---------- Data below

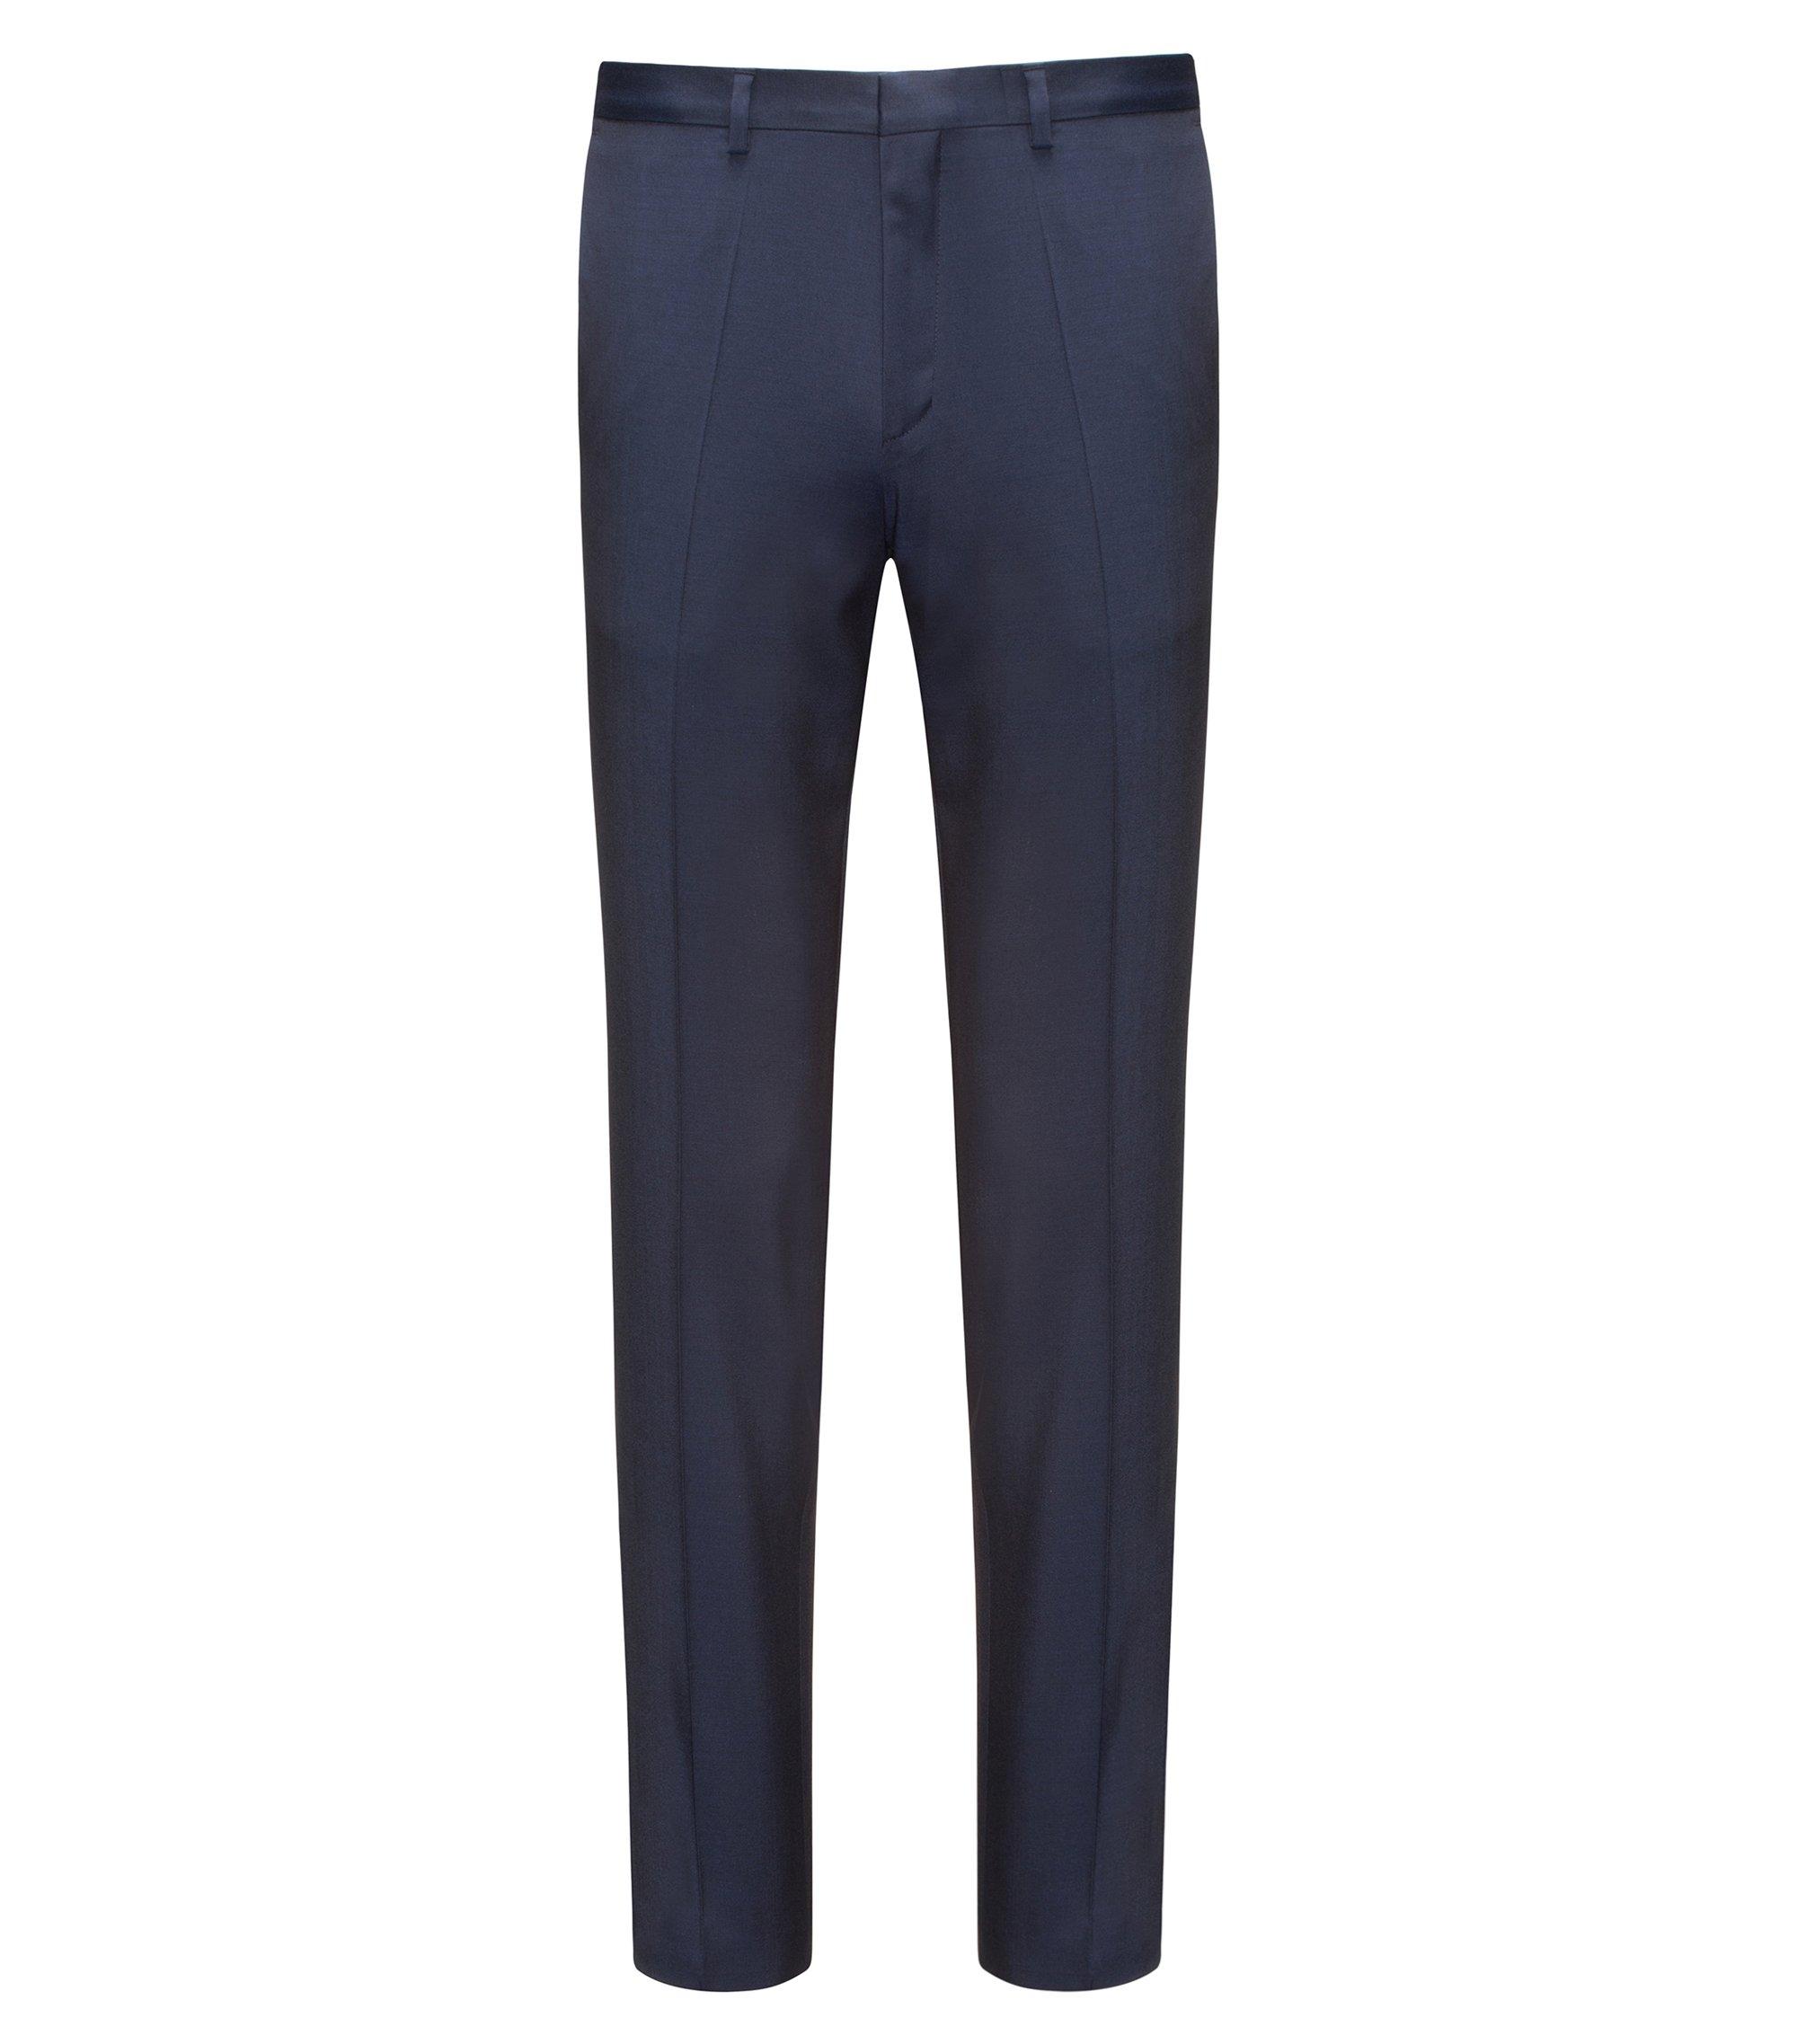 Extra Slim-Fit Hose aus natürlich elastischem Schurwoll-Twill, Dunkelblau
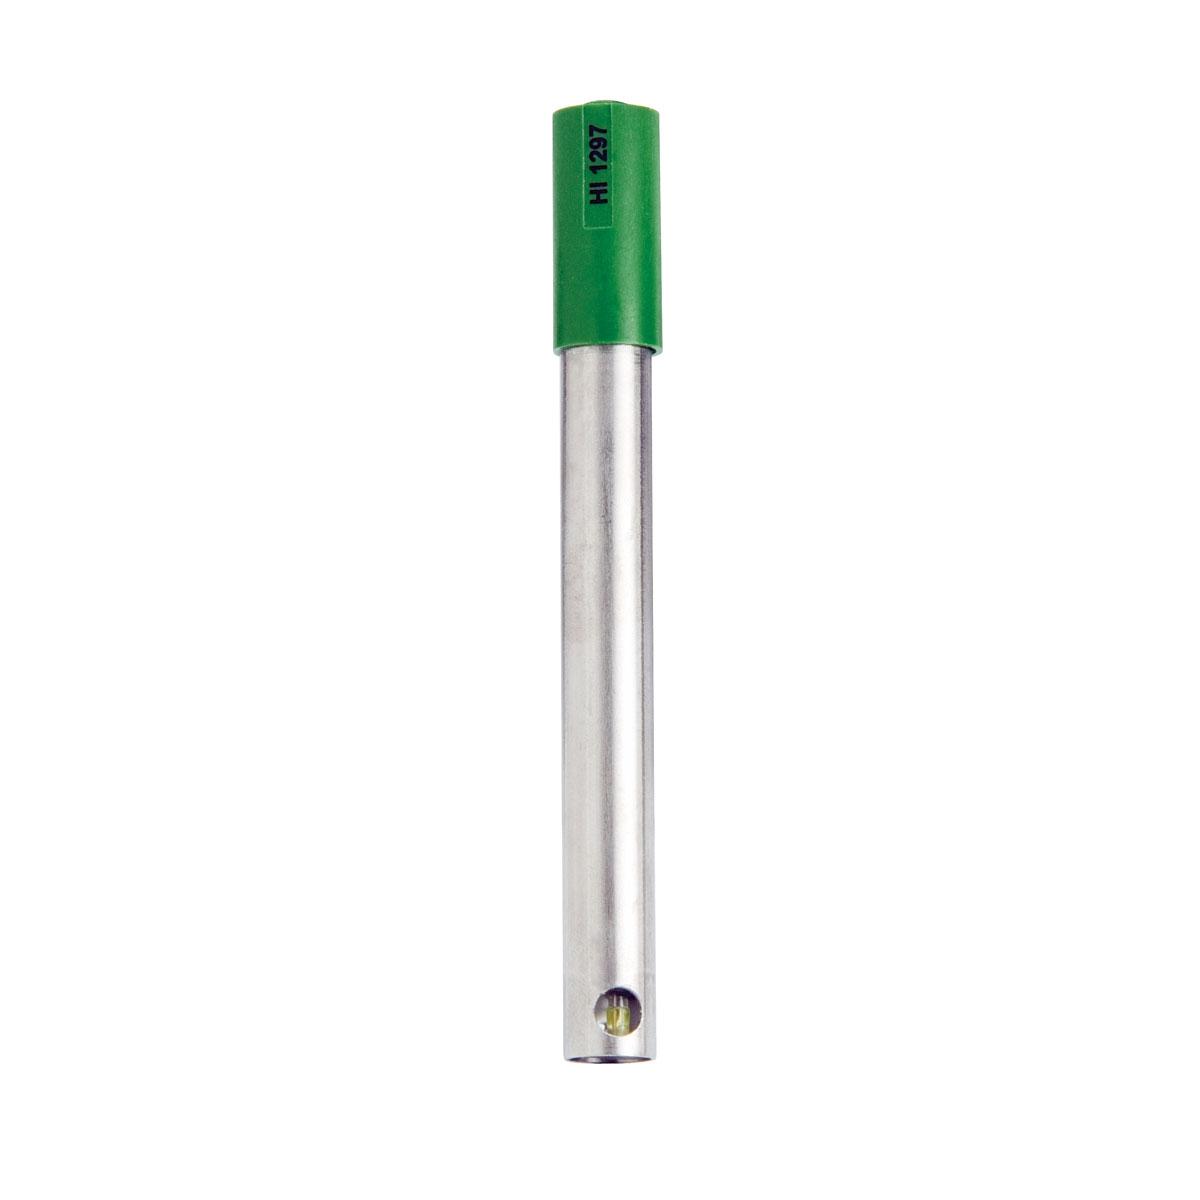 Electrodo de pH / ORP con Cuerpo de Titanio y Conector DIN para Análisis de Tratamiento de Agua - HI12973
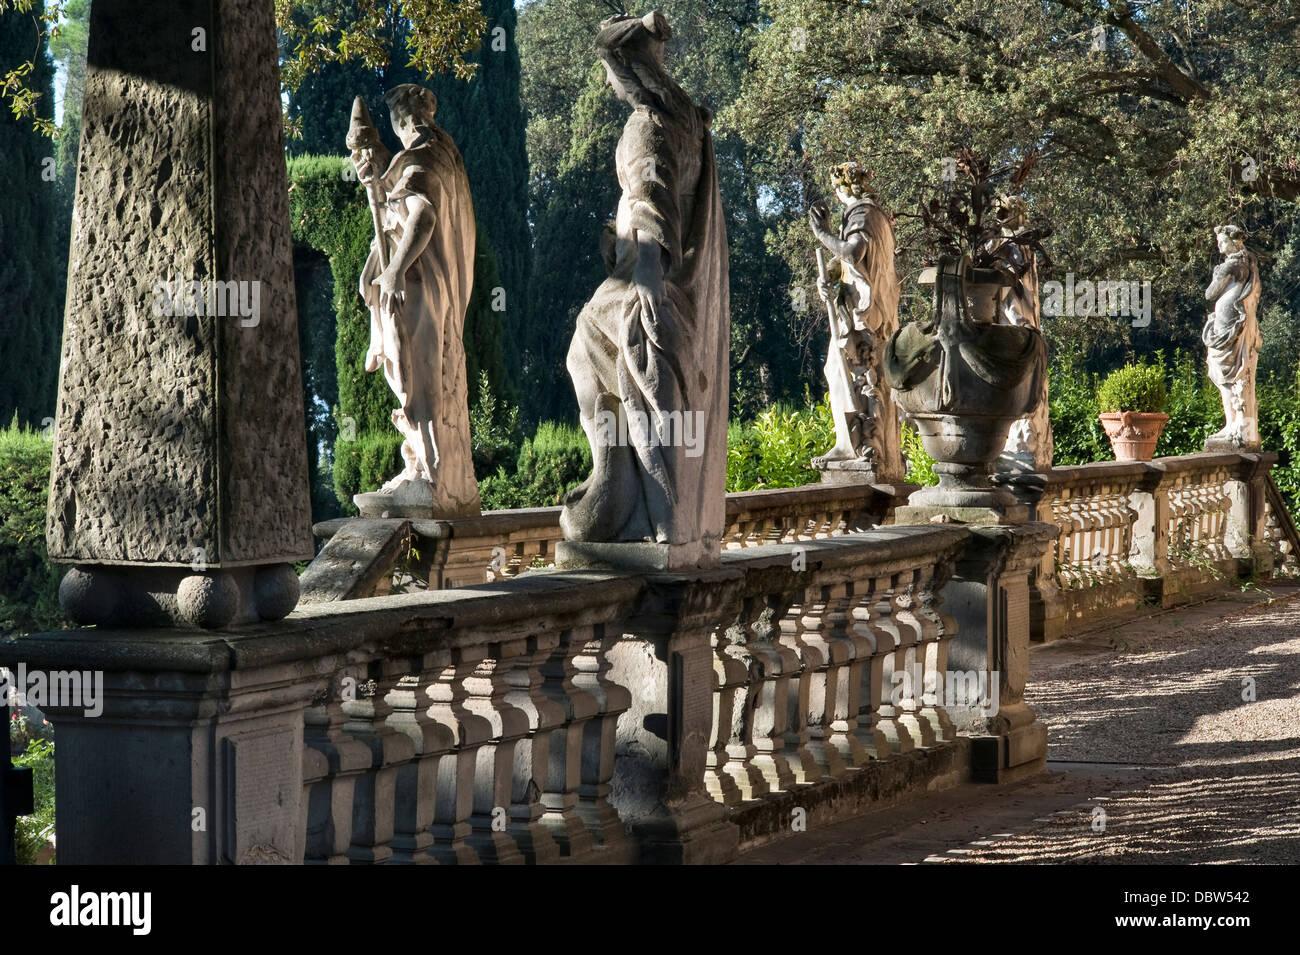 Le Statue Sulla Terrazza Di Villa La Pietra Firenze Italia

--------------------

Exercise details: Without the pictures, print the whole listing exactly as given.

Response box:
 Extra Slim-Fit Hose aus natürlich elastischem Schurwoll-Twill, Dunkelblau
 Electrodo de pH / ORP con Cuerpo de Titanio y Conector DIN para Análisis de Tratamiento de Agua - HI12973
 Le Statue Sulla Terrazza Di Villa La Pietra Firenze Italia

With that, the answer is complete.